Assuming that is correct, what I want to compute next is the dependence of $Y^\alpha_X(\lambda)$ on $X$. At this point, my first inclination would be:

$\frac{\partial Y^\alpha_X(\lambda)}{\partial X^\beta} = \frac{\partial X^\alpha}{\partial X^\beta}+ \int \frac{\partial V^\alpha}{\partial Y^\mu}|_{Y_X(\lambda)} \frac{\partial Y^\mu_X(\lambda)}{\partial X^\beta} d\lambda$

My uncertainty is with the expression $\frac{\partial V^\alpha}{\partial Y^\mu}$. Should that be $\nabla_\mu V^\alpha$ rather than the partial derivative? My feeling is that it shouldn't be, since the concept of diffeomorphism is independent of whether there is a connection, or not.

 

[fresh_42]

I would have written the integration as $Y_X(\lambda) = Y_X(0) + \int_0^\lambda V(Y_X(\mu)) \,d\mu$ locally around $\lambda = 0$.

So the first question is, whether $\left(\int_0^\lambda V(Y_X(\mu)) \,d\mu \right)^\alpha = \int_0^\lambda V^\alpha(Y_X(\mu)) \,d\mu \,$ and next whether integration and (partial) differentiation can be switched. If both is true, then we get $\dfrac{\partial V^\alpha}{\partial X^\beta} = \dfrac{\partial V^\alpha (Y_X(\mu))}{\partial X^\beta}$ and we have to apply the chain rule on $V^\alpha \circ Y_X$.

 

[martinbn]

The first uncertainty on my part is whether the following is true:

If we want to know the coordinates for the point $Y_X(\lambda)$, I think it's just a matter of integration:

$Y^\alpha_X(\lambda) = Y^\alpha_X(0) + \int V^\alpha|_{Y_X(\lambda)} d\lambda$
$= X^\alpha + \int V^\alpha|_{Y_X(\lambda)} d\lambda$

If I understand correctly your question and notations, I think this is not true. It will not be just integration, you need to solve a system of differential equations. Take any example. Say $\mathbb R^2$ with the usual coordinates $(x,y)$, let the vector field be $V=x^2\frac{\partial}{\partial x}+y\frac{\partial}{\partial y}$. Then the parametrized path you are looking for satisfies
$\frac{dx}{d\lambda}=x^2$
$\frac{dy}{d\lambda}=y$
Solving the equations is not just a matter of integration. Well in a way it is because I chose them simple to solve, but in general the right sides will depend on all coordinate function, they will not be decoupled as in this example. The dependence on the initial point will come from the initial conditions for the equations $x(0)=x_0$ and $y(0)=y_0$.

 

[stevendaryl]

If I understand correctly your question and notations, I think this is not true. It will not be just integration, you need to solve a system of differential equations. Take any example. Say $\mathbb R^2$ with the usual coordinates $(x,y)$, let the vector field be $V=x^2\frac{\partial}{\partial x}+y\frac{\partial}{\partial y}$. Then the parametrized path you are looking for satisfies
$\frac{dx}{d\lambda}=x^2$
$\frac{dy}{d\lambda}=y$
Solving the equations is not just a matter of integration. Well in a way it is because I chose them simple to solve, but in general the right sides will depend on all coordinate function, they will not be decoupled as in this example. The dependence on the initial point will come from the initial conditions for the equations $x(0)=x_0$ and $y(0)=y_0$.

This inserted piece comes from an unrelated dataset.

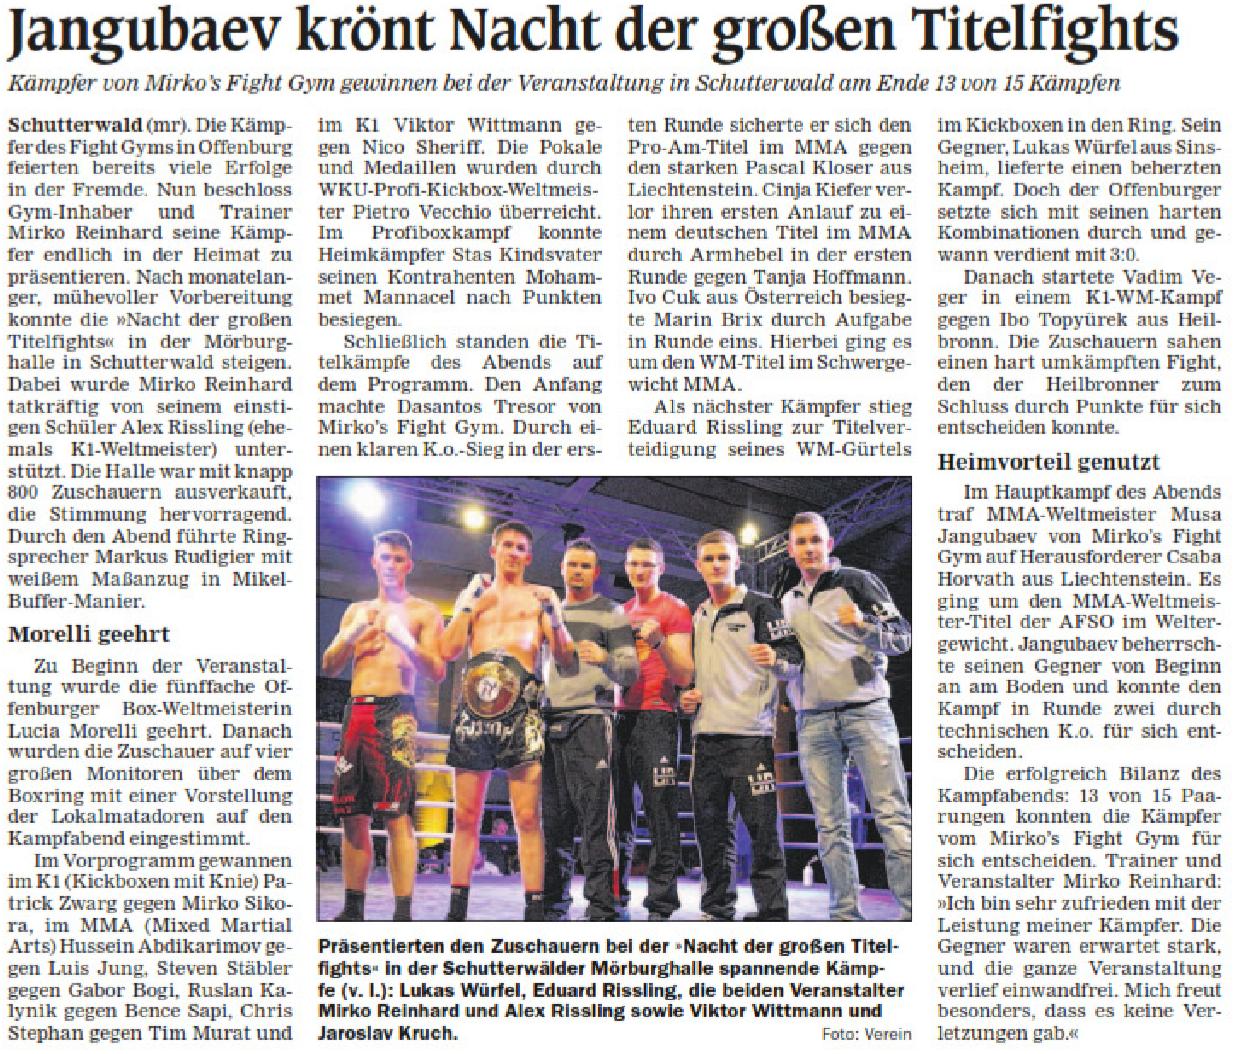 Mirkos Fight Night, Schutterwald, Mörburghale, 2015, K1 MMA Kickbocen, Titelfights

Very good point. However, I would say it is true that $x(\lambda) = x(0) + \int_0^{\lambda} V^x(x(s), y(s)) ds$, but unhelpful. My question is not about how to solve it, but about the meaning.

 

[martinbn]

I see, I have misunderstood you question. Yes, you are right, that you can write the equations in that form (as integral equations), but they are still equations, as the unknown appears on both sides. They are not solved.